Rinse black chickpeas. Soak them overnight in 3 cups water. In the morning before cooking, discard the water and pressure cook the chickpeas until cooked. I used the Instant Pot for 20 minutes high pressure with 3 cups water to cook. Discard the water used to cook. If using a regular pressure cooker, cook the black chickpeas on medium heat along with 4 cups of water. Turn off heat after 4 to 5 whistles or until they are cooked. Finally, discard the water and set the pressure cooked chickpeas aside.
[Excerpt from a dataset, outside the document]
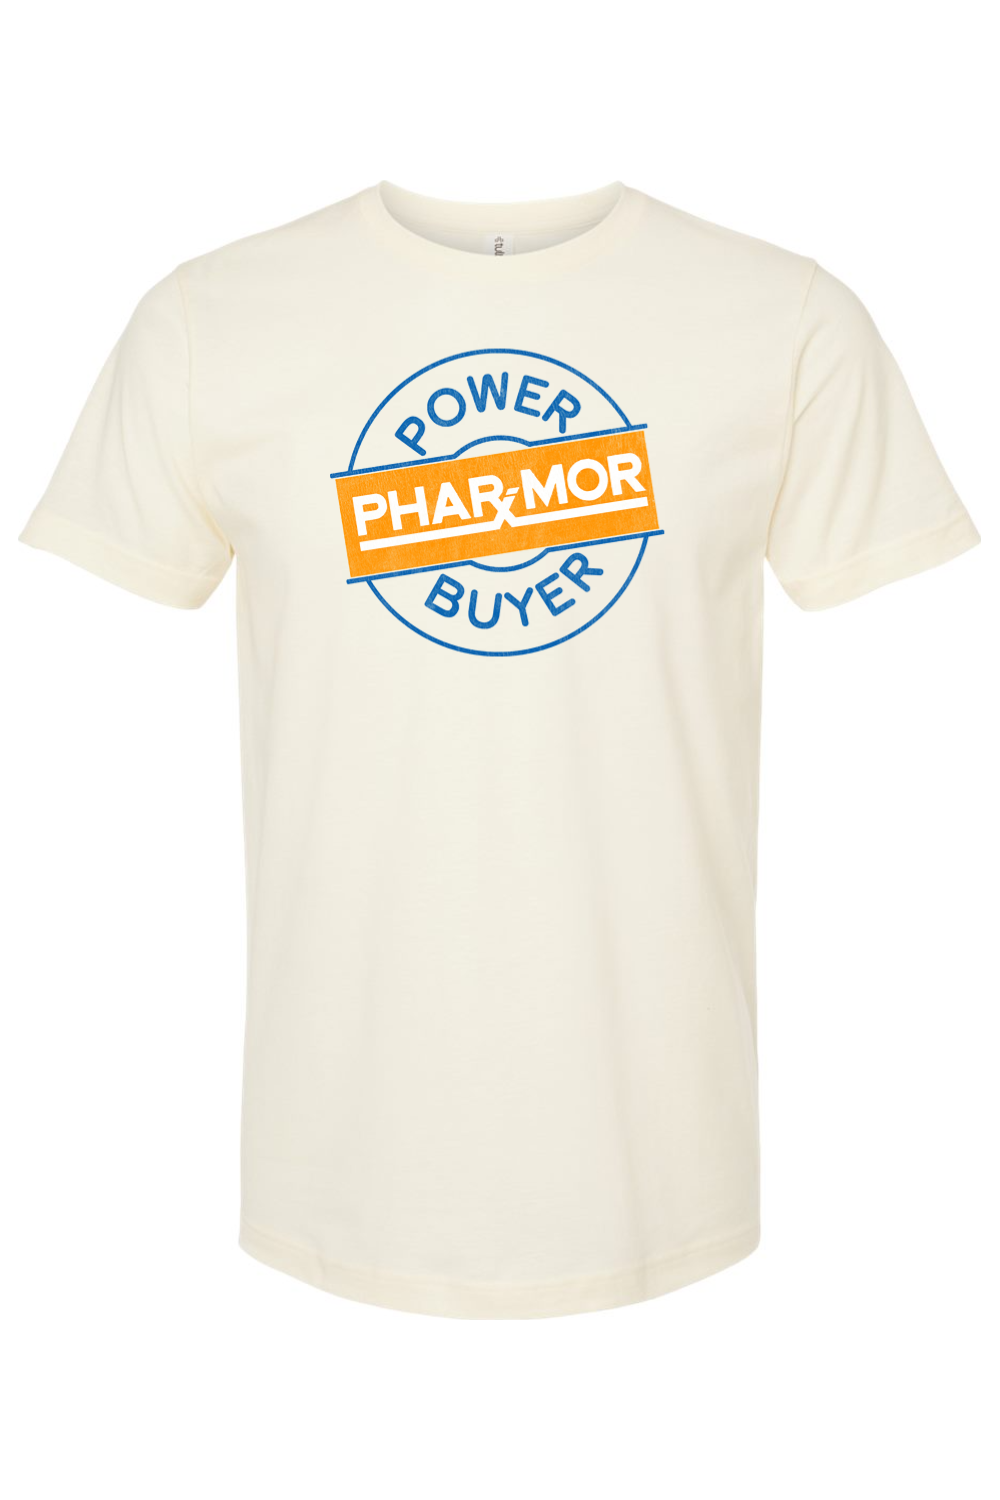 Phar-Mor Power Buyer - Yinzylvania

Take a large mixing bowl and mix in yogurt and gram flour well. Furthermore, add in all spices, (red chili powder, Ground coriander, ground turmeric, garam masala, ground cumin, and kasoori methi). Moreover, DONT add the salt yet. Mix well and add in 2 cups of water and whisk.
In a large wok add oil and add the yogurt water mix and let it boil on medium heat. Keep mixing to prevent the yogurt from curdling. Once it boils lower the heat and add salt. Mix and let it simmer for 2 minutes. Finally add in chickpeas and let it cook for about 2 minutes.
Meanwhile in a small pan add in ghee, cumin seeds, asafoetida and red whole chillies. Once cumin seeds sizzle turn off heat and add the tempering to the kadhi. Garnish with cilantro. Enjoy with rice.